Be careful with irb. It has its own set of startup rules and
behaviors that
are slightly different than Ruby itself. Try:

ruby -e 'puts DateTime.now.to_s'

Ruby's startup behaviour can also be changed if the RUBYOPT environment
variable is set.

On my installation irb shows 451 classes defined at startup while the
Ruby
interpreter just shows 147 classes.

Hassan Schroeder

8/20/2007 9:45:00 PM

0

On 8/20/07, Gary Wright <gwtmp01@mac.com> wrote:

> Be careful with irb. It has its own set of startup rules and
> behaviors that are slightly different than Ruby itself. Try:
>
> ruby -e 'puts DateTime.now.to_s'

Aha, that fails.

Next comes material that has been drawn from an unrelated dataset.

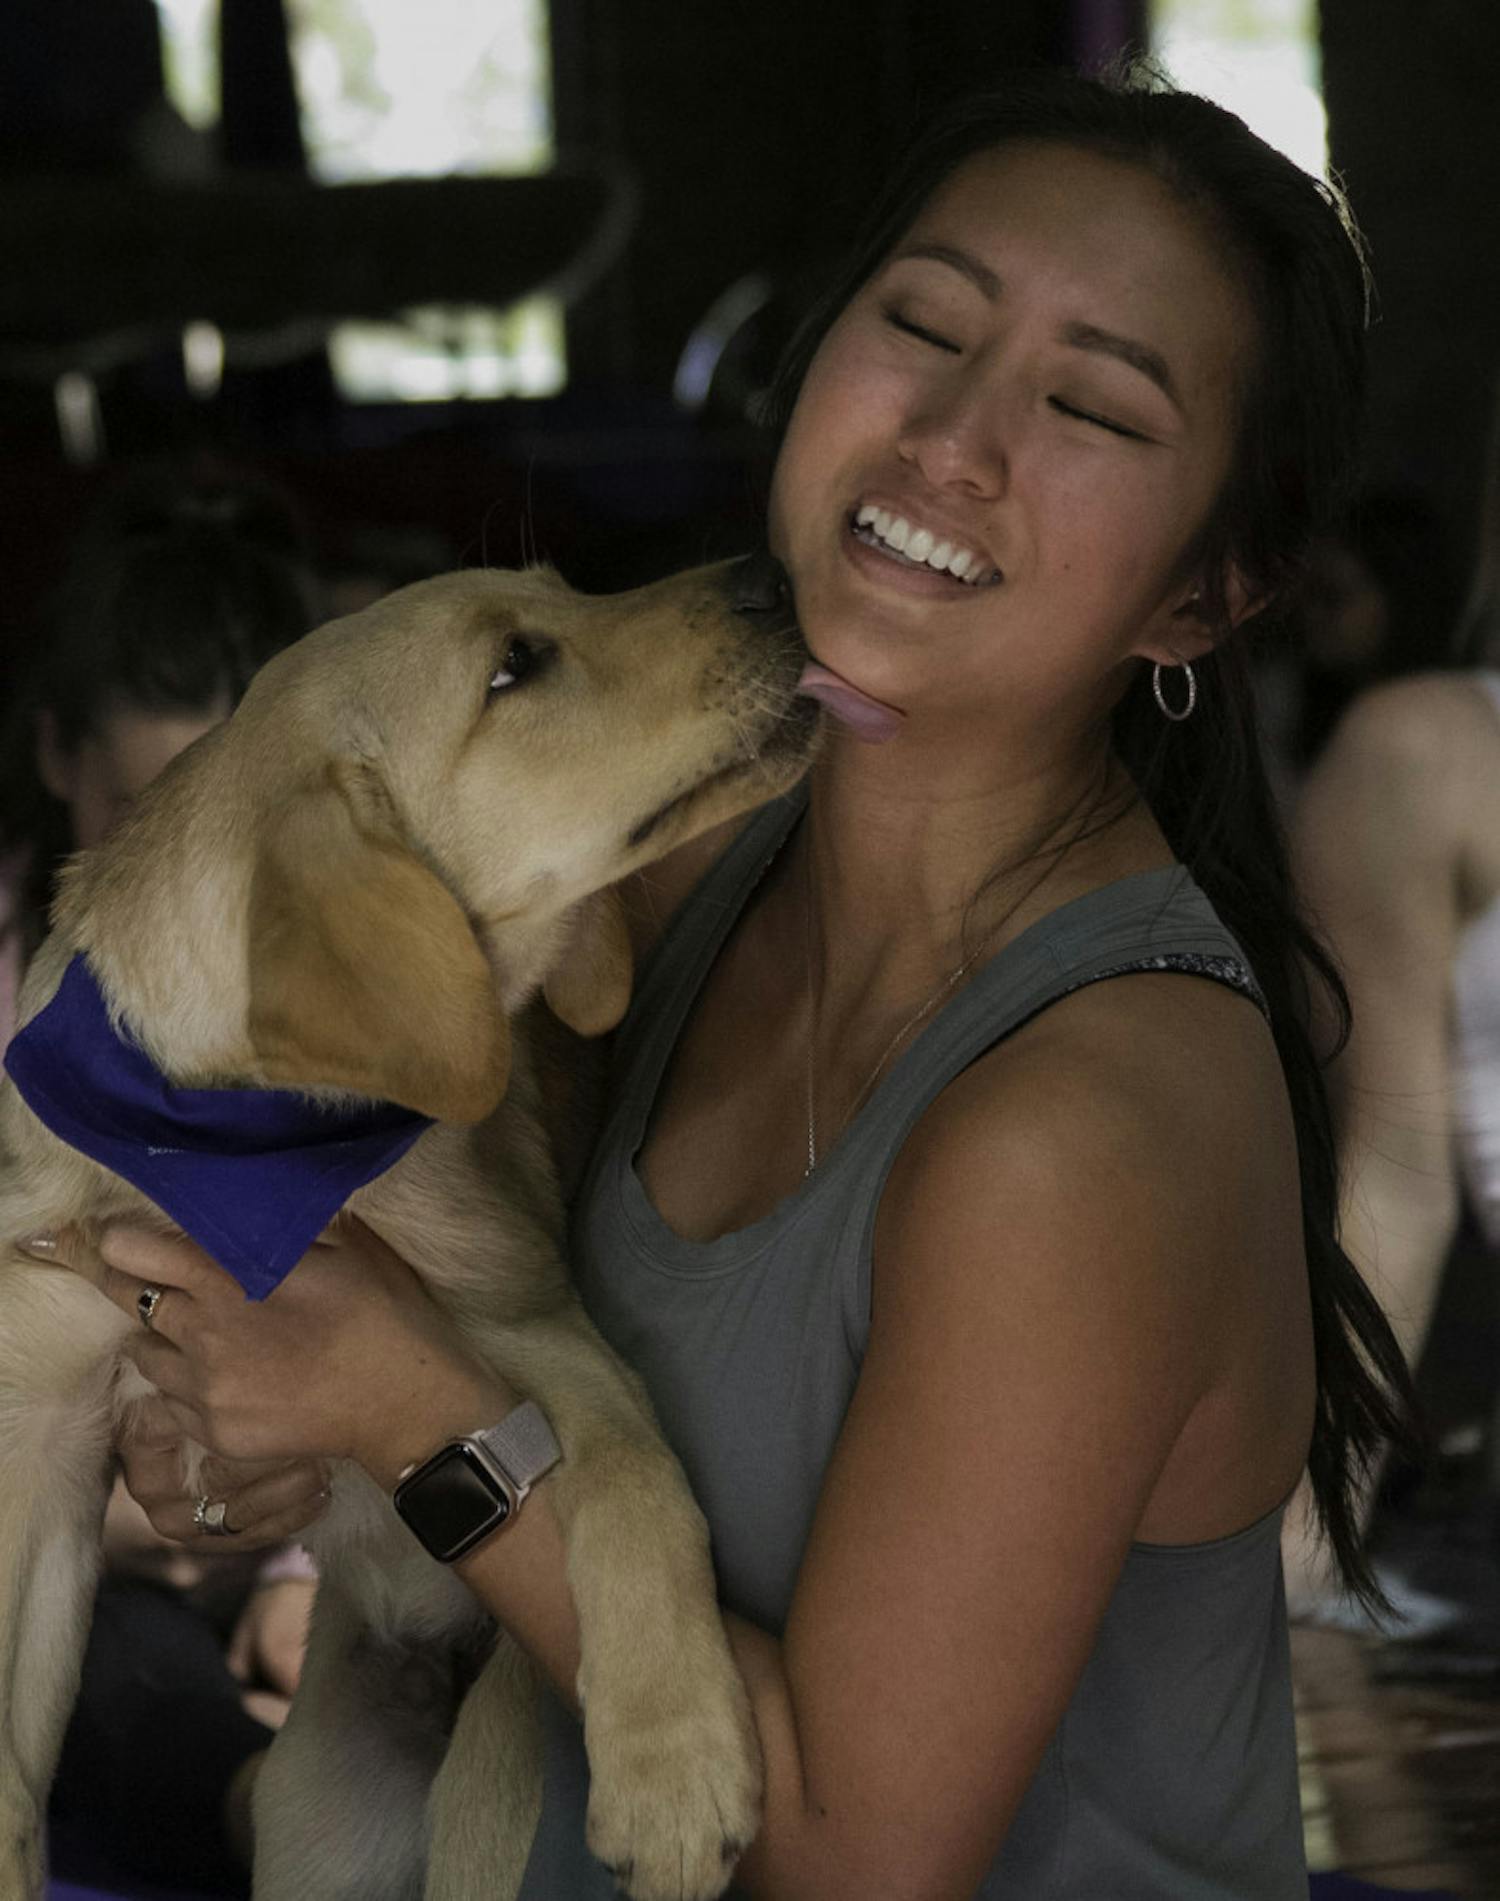 On Sunday afternoon, January 26, 2020, in collaboration with the UF Puppy Club, a student organization that supports Southeastern guide dogs, the yoga center Flow Space held a Puppy Yoga class.

Good to know -- thanks for the clarification.

--
Hassan Schroeder ------------------------ hassan.schroeder@gmail.com

John Joyce

8/20/2007 10:40:00 PM

0


On Aug 20, 2007, at 4:29 PM, Gary Wright wrote:

>
> On Aug 20, 2007, at 5:12 PM, Hassan Schroeder wrote:
>
>> On 8/20/07, John Joyce <dangerwillrobinsondanger@gmail.com> wrote:
>>
>>> It is part of the Ruby 'standard library' but you do still need to
>>> require a library before using it.
>>
>> Is this platform dependent? 'require' doesn't seem to be, er,
>> required
>> on my SuSE system --
>>
>> hassan@ceylon:~> ruby -v
>> ruby 1.8.6 (2007-03-13 patchlevel 0) [x86_64-linux]
>> hassan@ceylon:~> irb
>> irb(main):001:0> DateTime.now.to_s
>> => "2007-08-20T14:14:31-07:00"
>> irb(main):002:0>
>
> Be careful with irb. It has its own set of startup rules and
> behaviors that
> are slightly different than Ruby itself. Try:
>
> ruby -e 'puts DateTime.now.to_s'
>
> Ruby's startup behaviour can also be changed if the RUBYOPT
> environment
> variable is set.
>
> On my installation irb shows 451 classes defined at startup while
> the Ruby
> interpreter just shows 147 classes.
>
Good call, that's true, irb does require some things automatically.